Auf suggestive, emotionale Wirkung setzen Schlagzeilen aus dem paramilitärischen Sprachfundus: „27.000 in Anmarsch auf Berlin“ (Bild am Sonntag, 28. September 1986). Bilder wie „Das Boot ist voll“, die bewußte Verbindung krimineller Delikte mit ethnischen Gruppen (Ladendiebstähle der Sinti/Roma, Russen-Mafia, polnische Autoschieber), instinktlose Überschriften wie „Asyl: Bonn gibt Gas“ (Bild, 22. 10. 1992) lassen sich kaum noch als Gedankenlosigkeiten entschuldigen.

Es gehört zur journalistischen Kompetenz entscheiden zu können, in welchen Fällen ethnische Charakteristika zu kriminellen Vorgängen benannt werden müssen und in welchen nicht. Die Banden-Dominanz einer bestimmten Gruppe im Rotlichtmilieu einer Großstadt macht die Kennzeichnung notwendig. Die private Eifer-suchtstat nicht. Es gehört zum journalistischen Handwerk zu erkennen, wo rassistische eingefärbte Metaphern drohen, wann in einer aufgeheizten Debatte behutsam zu formulieren ist, wo man Mögliches auch einmal unterläßt. Die Auftritte von rechtsradikalen Bands im Fernsehen konterkarieren die Ansprüche journalistischer Sorgfalt.

Der Umfang journalistischer Fehlleistungen stützt den Verdacht, daß die journalistisch-handwerklichen Maximen einer sachlichen, verantwortlichen Informationsaufbereitung an Stellenwert verloren haben. Die Medienproduktion scheint zunehmend Bedingungen ausgesetzt, die weniger mit der Wahrung der Menschenwürde oder der Förderung des Gemeinwohls zu tun haben, um so mehr aber mit den Gegebenheiten des Marktes und den Zwängen der Medienunternehmen.

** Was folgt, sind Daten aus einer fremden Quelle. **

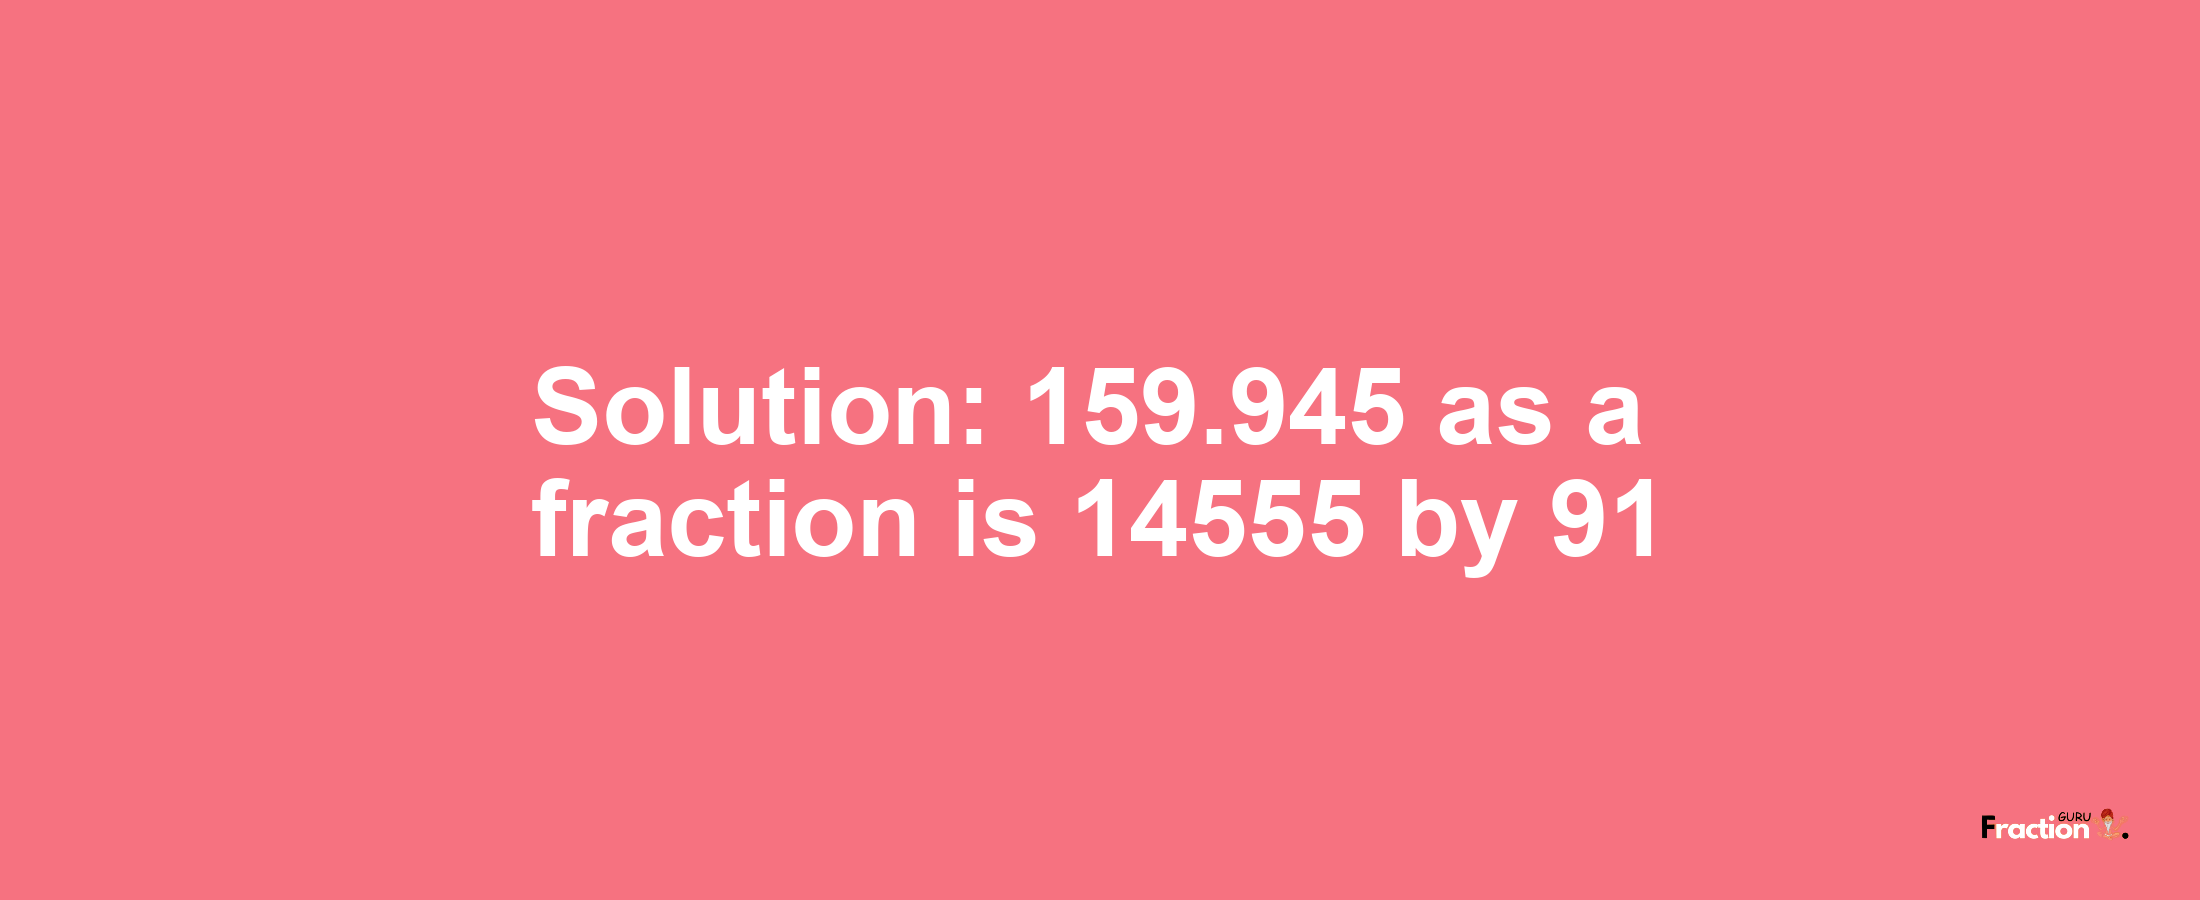 Solution:159.945 as a fraction is 14555/91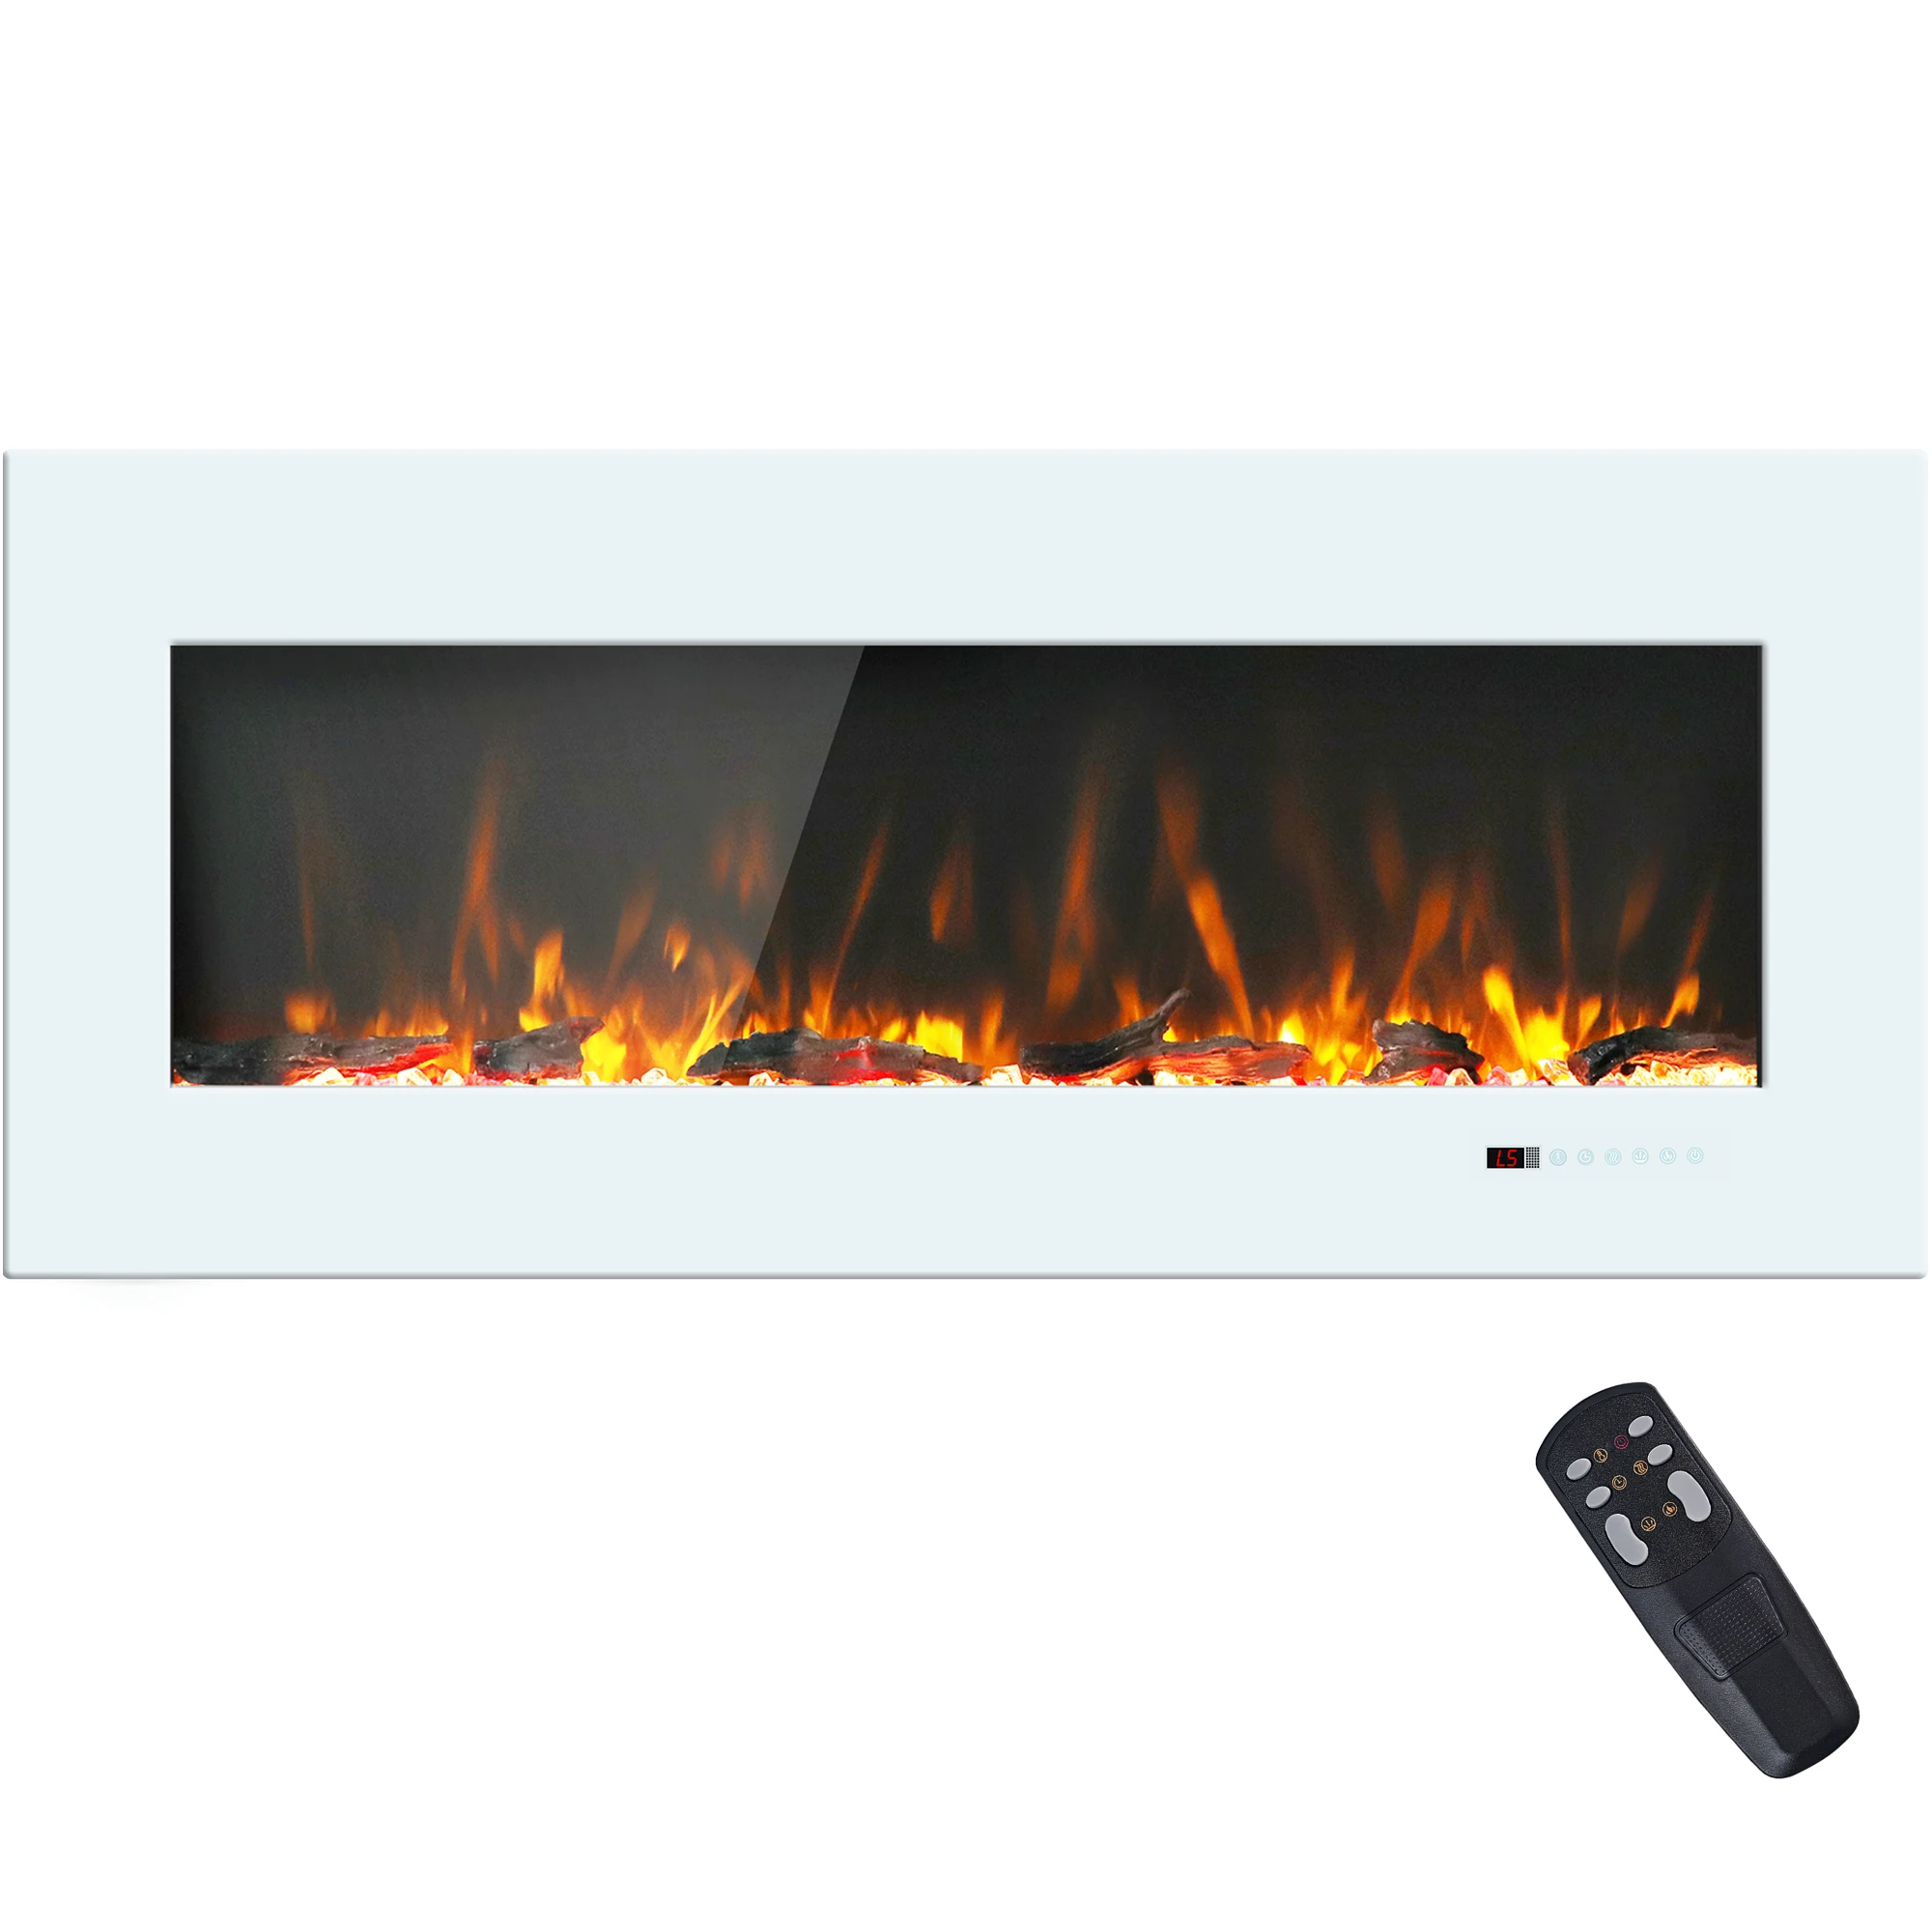 Luxstar 50 Inch White Electric Fireplace Heaters Wall Mounted Fireplace Not for Recessed Touch Screen Remote Control Home Heater

Die Aufgabenverantwortung beschreibt nicht nur Anspruch an den einzelnen Journalisten. Sie gilt insbesondere den Redaktionen, den Medienunternehmen. Weil wir als Publikum Vertrauen in die Informationsleistungen der Medien setzen und setzen müssen, sind diese in der Pflicht, Rahmenbedingungen zu schaffen, die eine verantwortliche Wahrnehmung der öffentlichen Information garantieren.